[What the task requires]:
Here the job is to copy the data exactly and to exclude every image from it.

[Given information]:
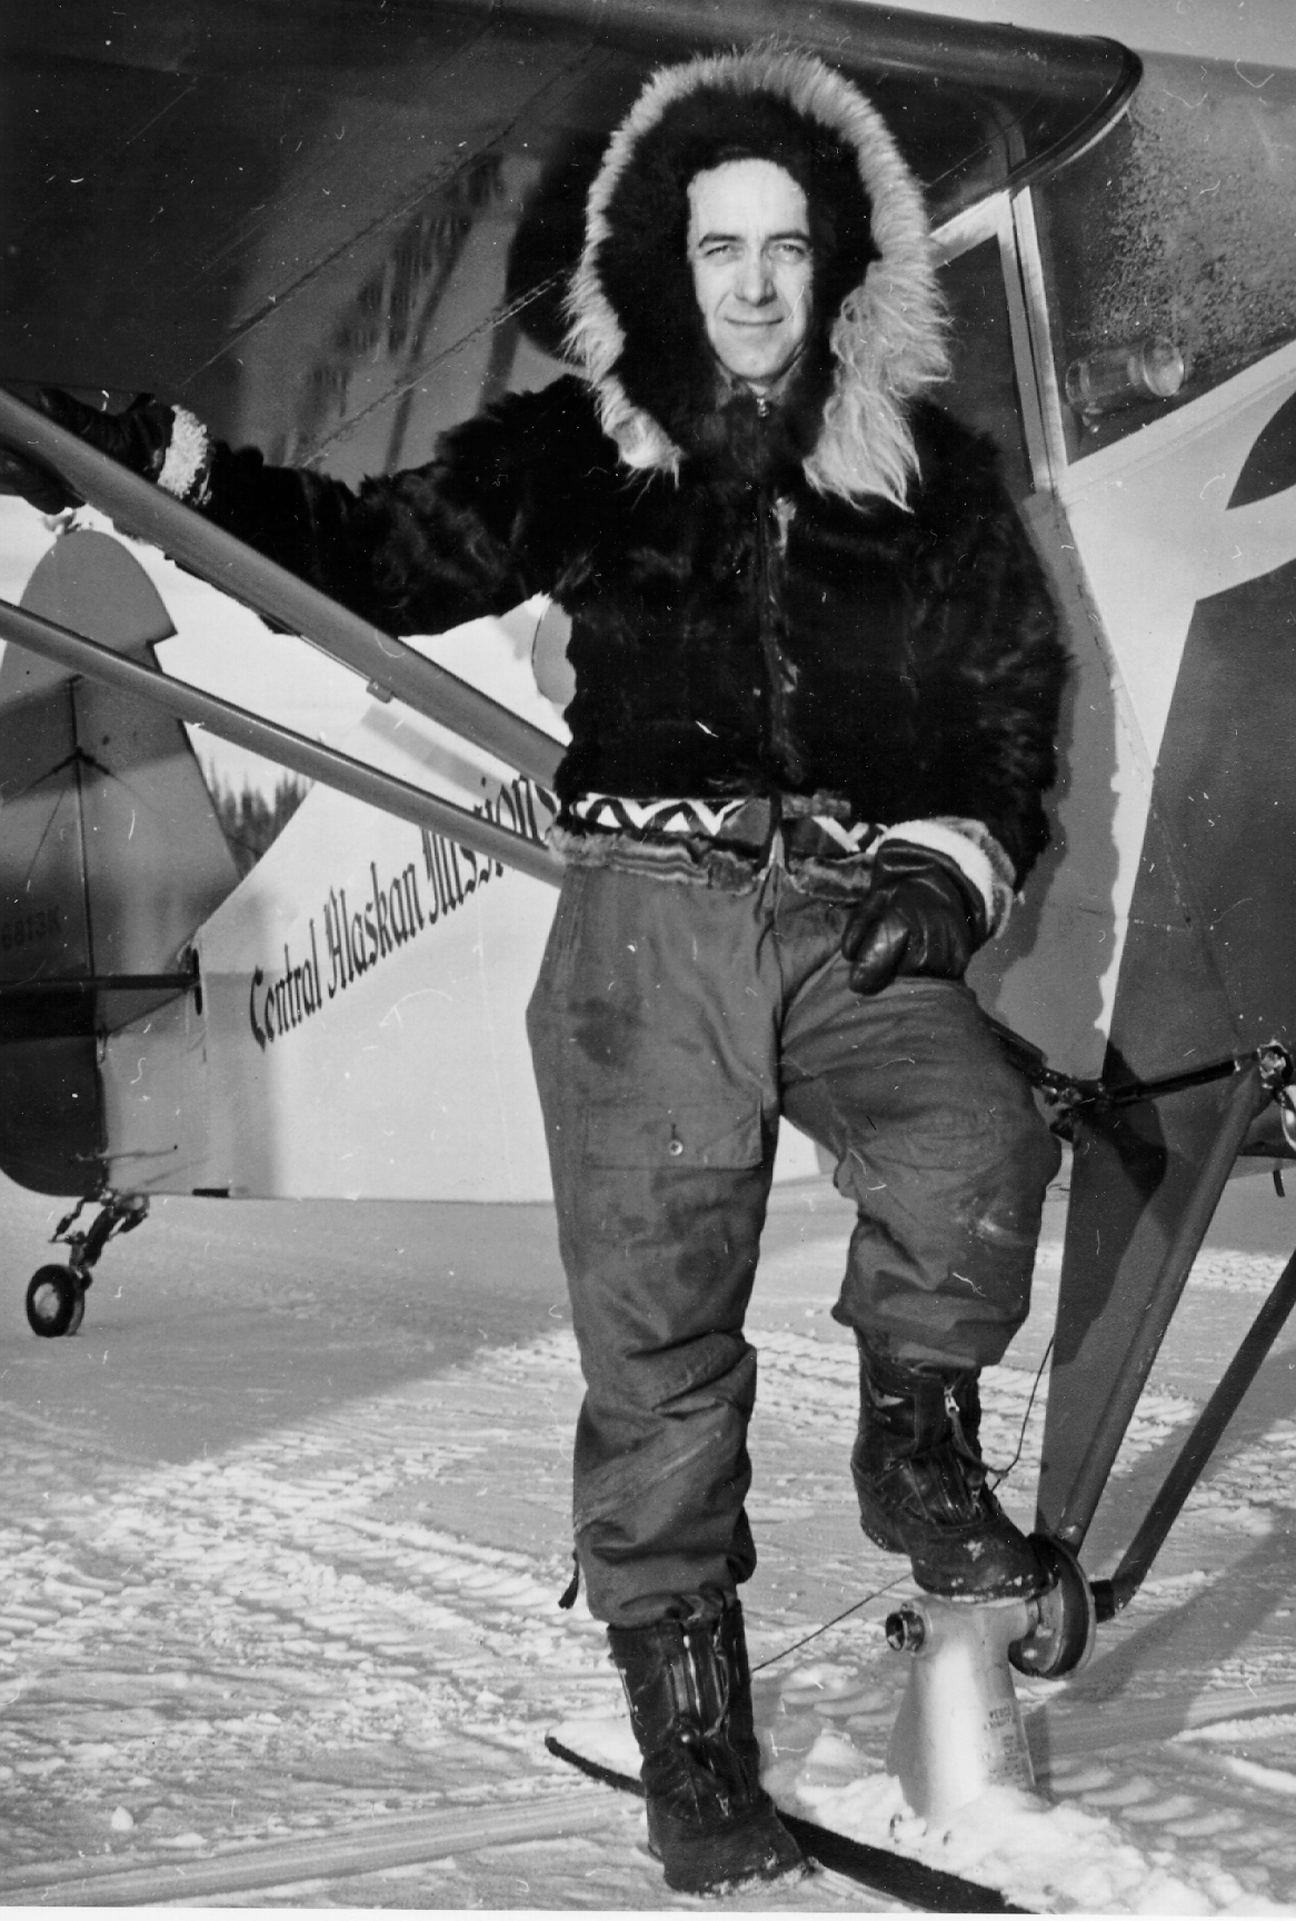 Black and white photo of man and a plane
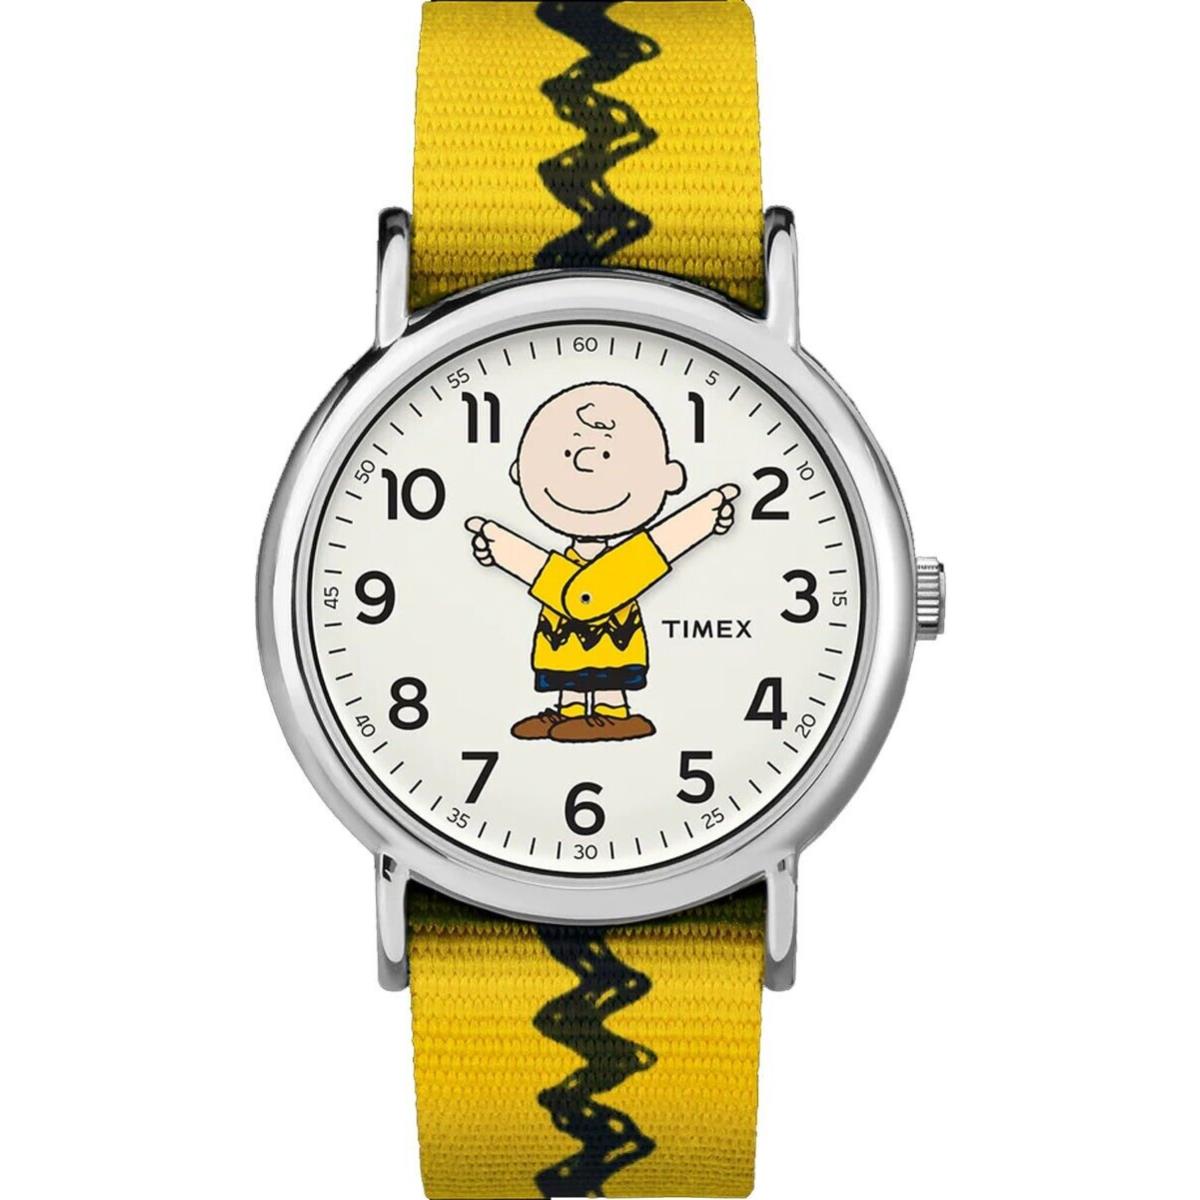 Timex TW2R41100 x Peanuts - Charlie Brown 38mm Fabric Strap Watch - Dial: Off-White, Band: Yellow, Bezel: Silver
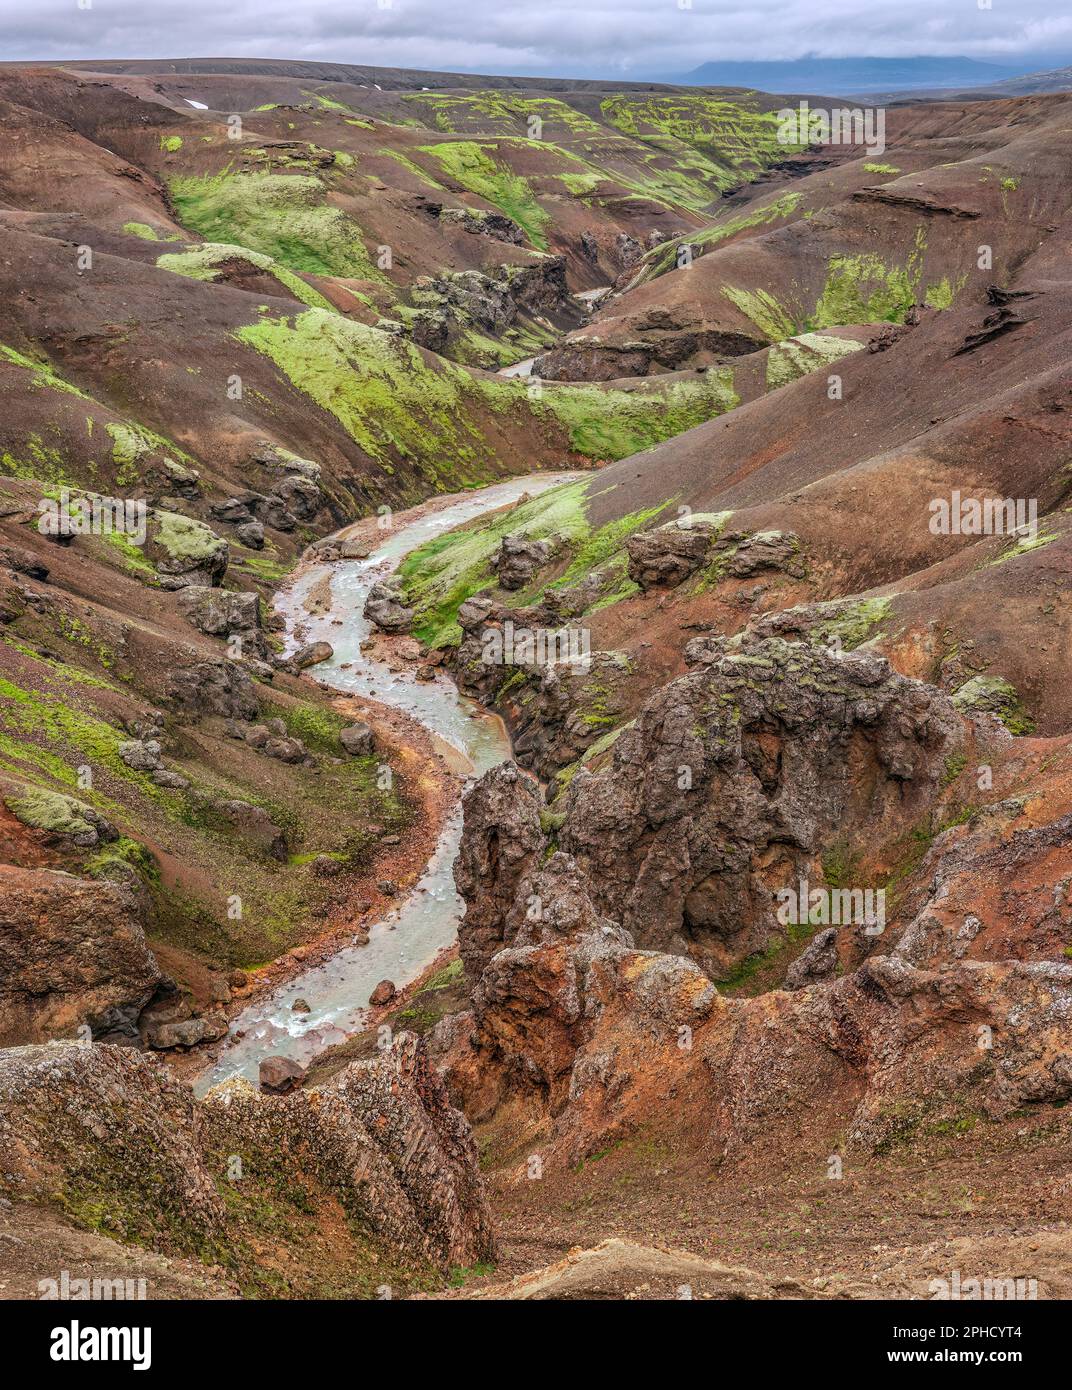 Mineral Rich Canyon (iron oxides), Geothermal Basin, Loomundur, Iceland Stock Photo

[Exercise solution]:
 Black and white photo of man and a plane
 Timex TW2R41100 x Peanuts - Charlie Brown 38mm Fabric Strap Watch - Dial: Off-White, Band: Yellow, Bezel: Silver
 Mineral Rich Canyon (iron oxides), Geothermal Basin, Loomundur, Iceland Stock Photo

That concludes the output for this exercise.